Entrepreneurial vision
An entrepreneurial vision is an indication of what the organisation expects to achieve
in the future. Visioning is a process which involves multiple future time horizons and is
a result of intuitive, holistic thinking (Bird and Jelinek, 1988; Boyd and Vozikis, 1994).
EJIM
8,3
366
Figure 7.
Linking entrepreneurship
with innovation –
attitudes, vision and
actions
It is about seeing what is not there (Carland et al., 1996). In other words, the
entrepreneur goes beyond recognising opportunities; rather, he or she has the ability to
envision a change in the the environment in order to create opportunities (Ensley et al.,
2000). The latter type of visioning, therefore, requires intuition and imagination
whereas the former is a result of a rational evaluation of the environment.
According to Tellis and Golder (1996) and Boyd and Vozikis (1994), the vision is
influenced by self-efficacy, environmental opportunities – such as an improvement in
technology or a change in the market place – and the patterns of competition occurring
between the organisation and its rivals.
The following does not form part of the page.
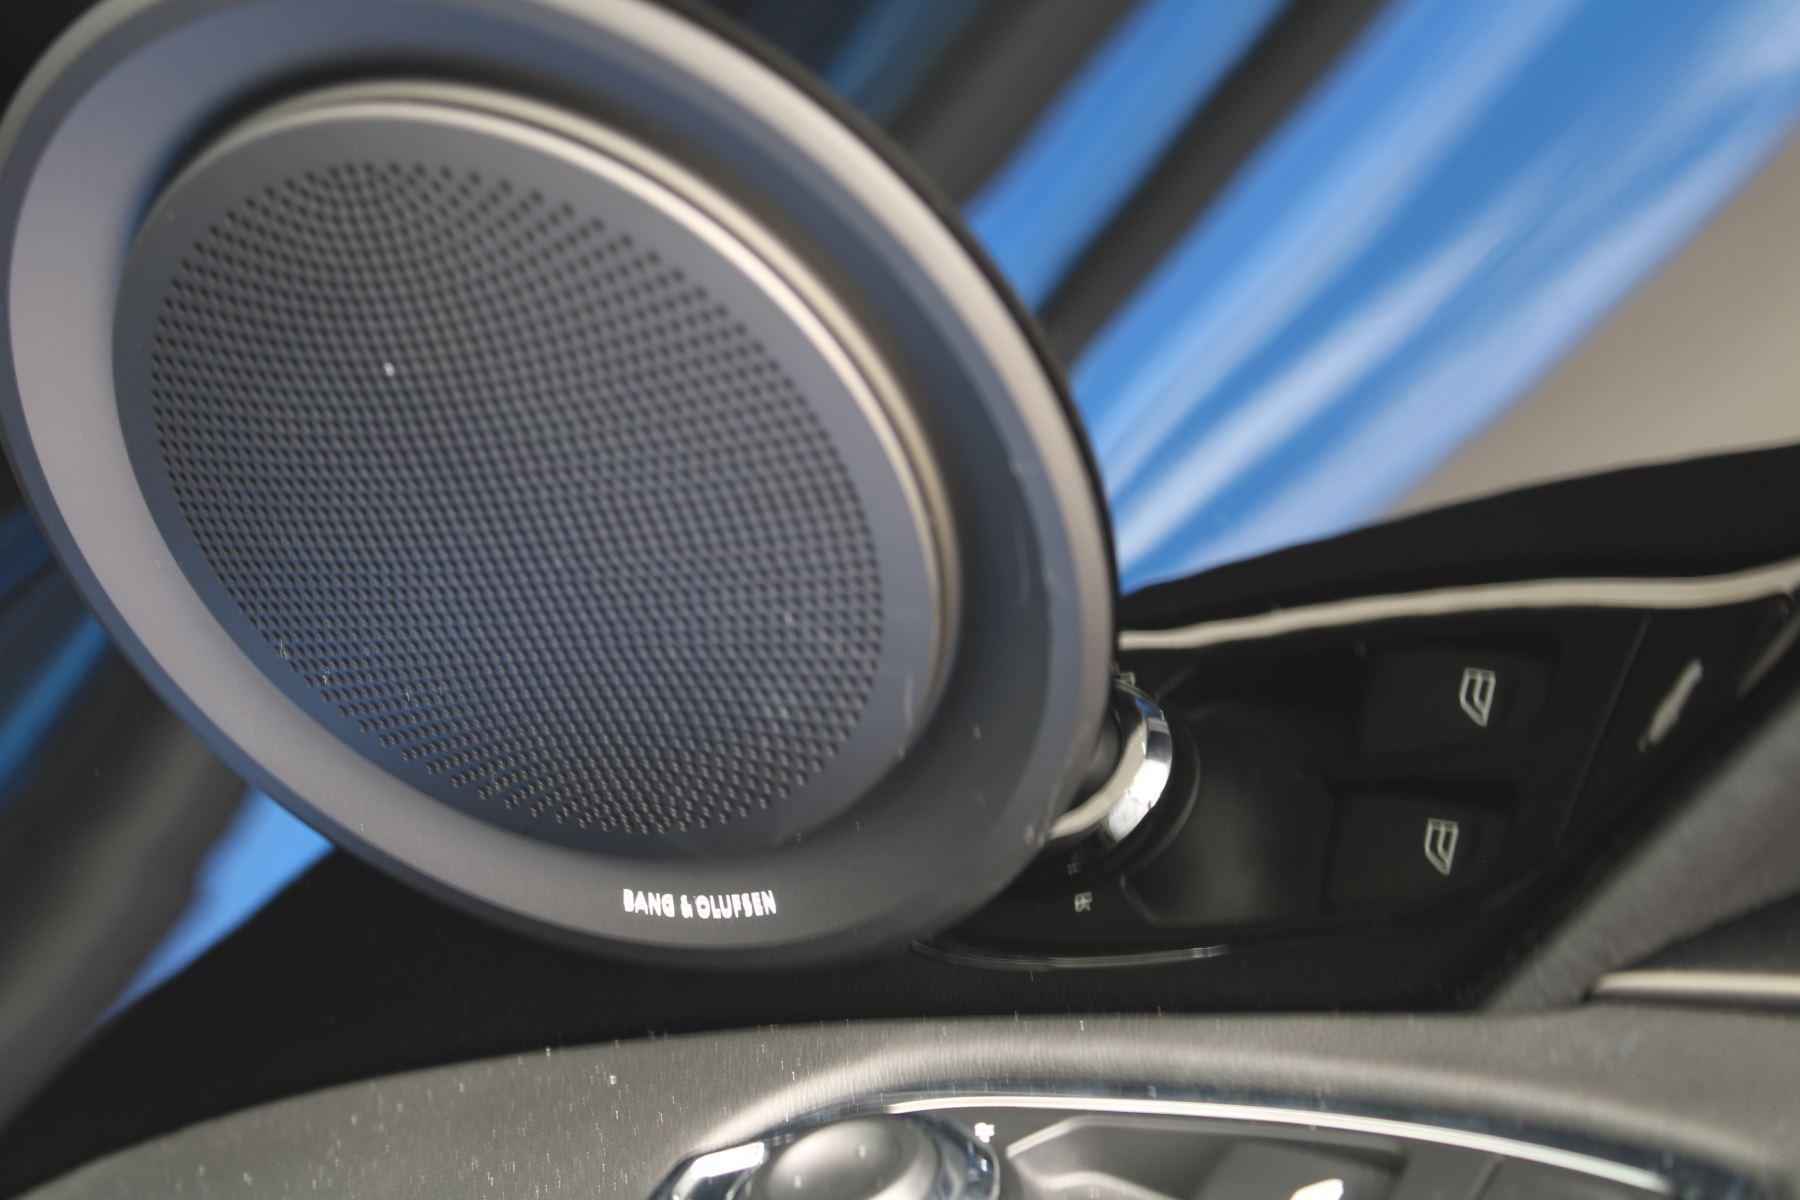 Aston Martin DBS V12 Superleggera Touchtronic Special Ceramic Blue - B&O image 22

Kuratko et al. (2001, p. 62) suggest that:
A meaningful vision is sensible in employees’ eyes, is easily understood, suggests a higher
calling, and creates a cultural glue that binds people together in ways that help them share
knowledge in competitively relevant ways. Moreover, in the global economy, the most
effective vision highlights a firm’s commitment to product, process, and market innovations.
Talented entrepreneurs use the vision to energise employees, help them to meet the
challenges that face them and to “facilitate their attempts to achieve more than they
thought possible as they strive to help the firm reach its vision” (Kuratko et al., 2001,
p. 62).
Entrepreneurial action
According to Naffziger et al. (1994), the activities of entrepreneurs can have a major
impact of their firm’s performance. The literature suggests a number of different
entrepreneurial activities. For example, Adaman and Devine (2002) suggest that
entrepreneurship consists of social interaction, which occurs both within and outside
the organisation. In addition, these activities also include resource management and
organisation; the ability to influence, and to generate support, from others; and the
capability of assessing, shaping and developing ideas (Bird and Jelinek, 1988; Chandler
and Hanks, 1994; Korunka et al., 2003; Sadler-Smith et al., 2003; Tidd et al., 2001).
It has also been suggested that entrepreneurs must be capable of flexibility,
especially when there is a lack of staff to help them (Bird and Jelinek, 1988).
Furthermore, as the venture grows, the entrepreneur can shift his or her actions to new
potential opportunities, and hand the day-to-day running of the previous innovation to
an appropriate manager.
Further investigation into the above three elements is presented in part 2 in order to
further develop the link between entrepreneurship and the innovation process. From
this, a more detailed model showing this link is presented as well as some implications
for managers and researchers.
Summary
This paper has critically evaluated the literature in order to develop a holistic definition
of entrepreneurship and innovation. In addition, the literature has shown that these
two concepts are generally discussed as separate entities. This paper has, therefore,
presented a synthesised model of the current view of entrepreneurship and innovation.
The model highlights a gap between the process – innovation – and the person – the
entrepreneur. Consequently, there is a lack of explanation regarding the relationships
and dynamics of these components within the literature. It is suggested that further
examination of three variables – entrepreneurial attitudes, vision and actions – as
they pertain to innovation is required. In part 2, these variables are discussed in more
detail and new model of entrepreneurship and innovation is developed.